A U.S. Energy Policy? Don't Plan on It

Refiners were fined approximately $6.5 million in 2011 for not blending enough cellulosic ethanol into gasoline. The only problem is that there is no cellulosic ethanol available. They are being fined for not using something that doesn’t exist.

The EPA then decided to raise the fine for 2012 if refiners continue not to blend a fuel that still doesn’t exist.

Meanwhile, the Keystone Pipeline is in limbo, fracking regulations have not been ruled on by the EPA, and a Cuban oil rig is in our waters drilling for oil off our shores, yet we can’t drill there.

These are all symptoms of a much greater problem: we are only developed country in the world without an energy policy, and we haven’t had one for decades.

Energy falls into two different categories -- energy used for electricity and energy used for transportation.

Energy used for electricity generation can be done many different ways. Energy for transportation comes mainly from fossil fuels, and estimates of total reserves of natural gas to shale gas and oil is enormous, by some estimates hundreds of years of fuel use.

The left doesn’t want fossil fuels and the right says ‘drill, baby, drill’.  Neither has an energy plan deeper than their bumper sticker slogans.

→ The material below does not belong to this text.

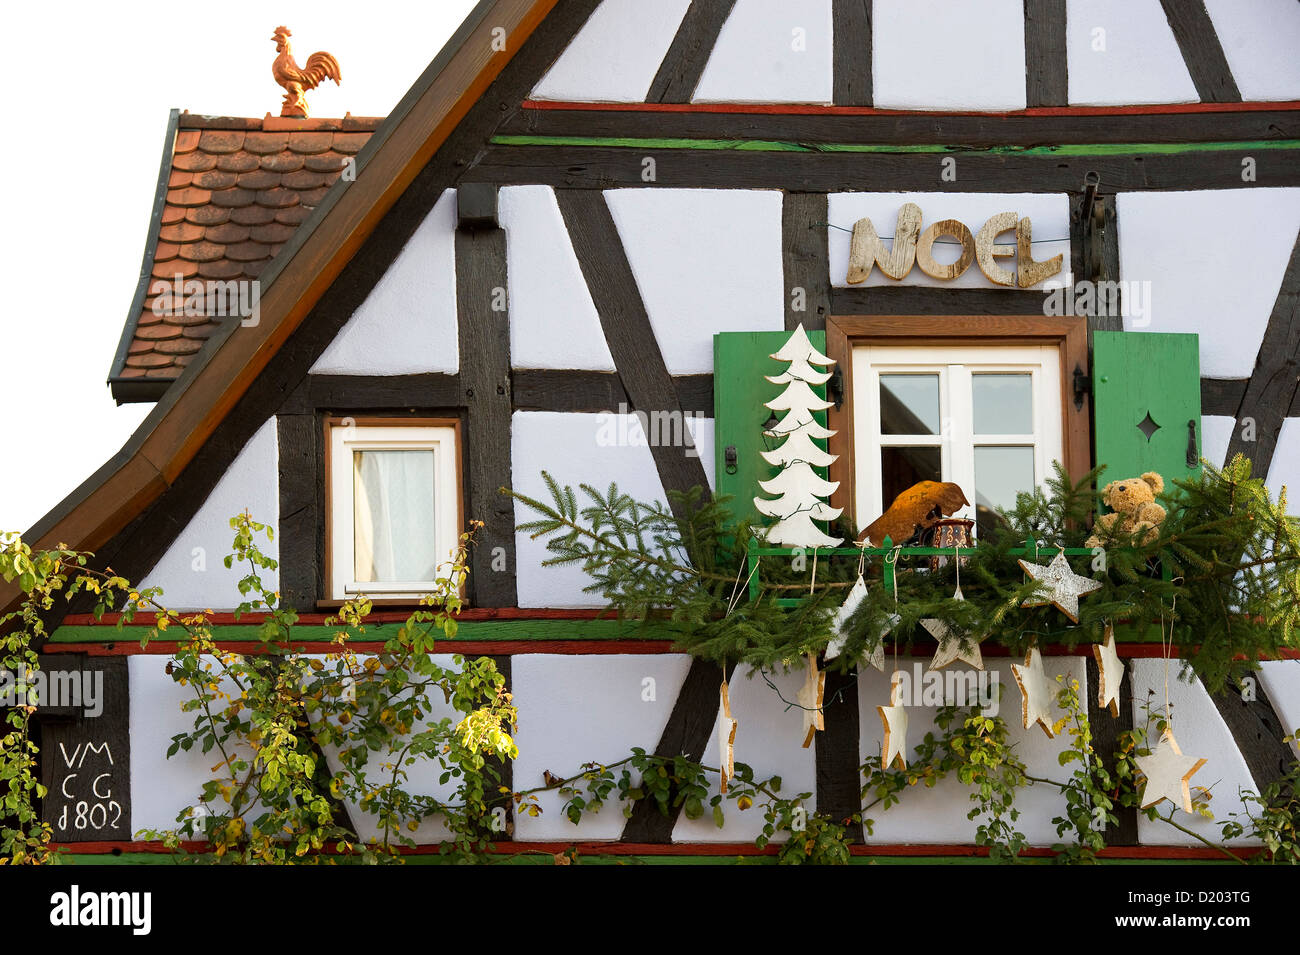 Adornos de Navidad en el exterior de una casa, Kandel, Renania-Palatinado, Alemania Foto de stock

The problem with not having a comprehensive plan is no one knows what fits where. A new source is developed and it’s just tacked on to energy produced.

New energy is being touted as a success of the current administration when in truth a politician taking credit for energy being created for any time in the last 30 years is like Fred Flinstone taking credit for the success of animation; they are just innocent bystanders and bit players.

We talk of a smart grid and DC lines to take renewable energy to far away markets, but a starting point is never developed. No plan to actually implement and nothing is ever done.

We have no plan, period. The pathetic excuse is that drilling won’t help us now, or renewables are not part of the present, and this is why we are in this mess. Our excuse for decades has been that doing something now won’t help us for 10 years or longer, so we never get started.

We need a couple of things. First, we need an audit of all our energy sources (something Mitt Romney has called for in his energy plan), and second we need to look at what we can realistically do by 2037, 25 years from now, and work our way backwards.

We don’t need to create a silly plan like we did in 2007 to have our refiners produce an energy source that was and is non-existent, or be fined.

For a new grid, there is not the political will to spend a trillion dollars as Al Gore suggests. (And to those on the right anything Gore endorses will automatically be a “no” - somewhere along the road Gore has been sprayed with human repellant.)

So we build the grid in bits and pieces as part of a “comprehensive” (and currently nonexistent strategy).

For electricity, an energy audit of true potentials will tell us how much wind, solar and traditional fuels should play a part.

For transportation fuel, the reason the Keystone Pipeline is being debated is because there is no comprehensive plan. If there was a plan then we would know how, or if, it fit into that plan. Now it just becomes a useless political football between two parties whose only concern is getting re-elected.

The EPA should understand what the plan is and should not be used politically. It should be asked to fast-track decisions on important matters, but no matters are important if there is no plan.

We are planning on a ‘black swan’ event to create jobs like the Internet did in the 1990s. The problem is no one can forecast a ‘black swan’ event. An energy plan creates millions of jobs and boosts the economy, we can prove that fact.

Ten years from now my fear is we will still be using the excuses we are using now, that “if we do something we won’t even realize the effects and relief for at least 10 years”.

So an energy plan is 10 years away, and might always be.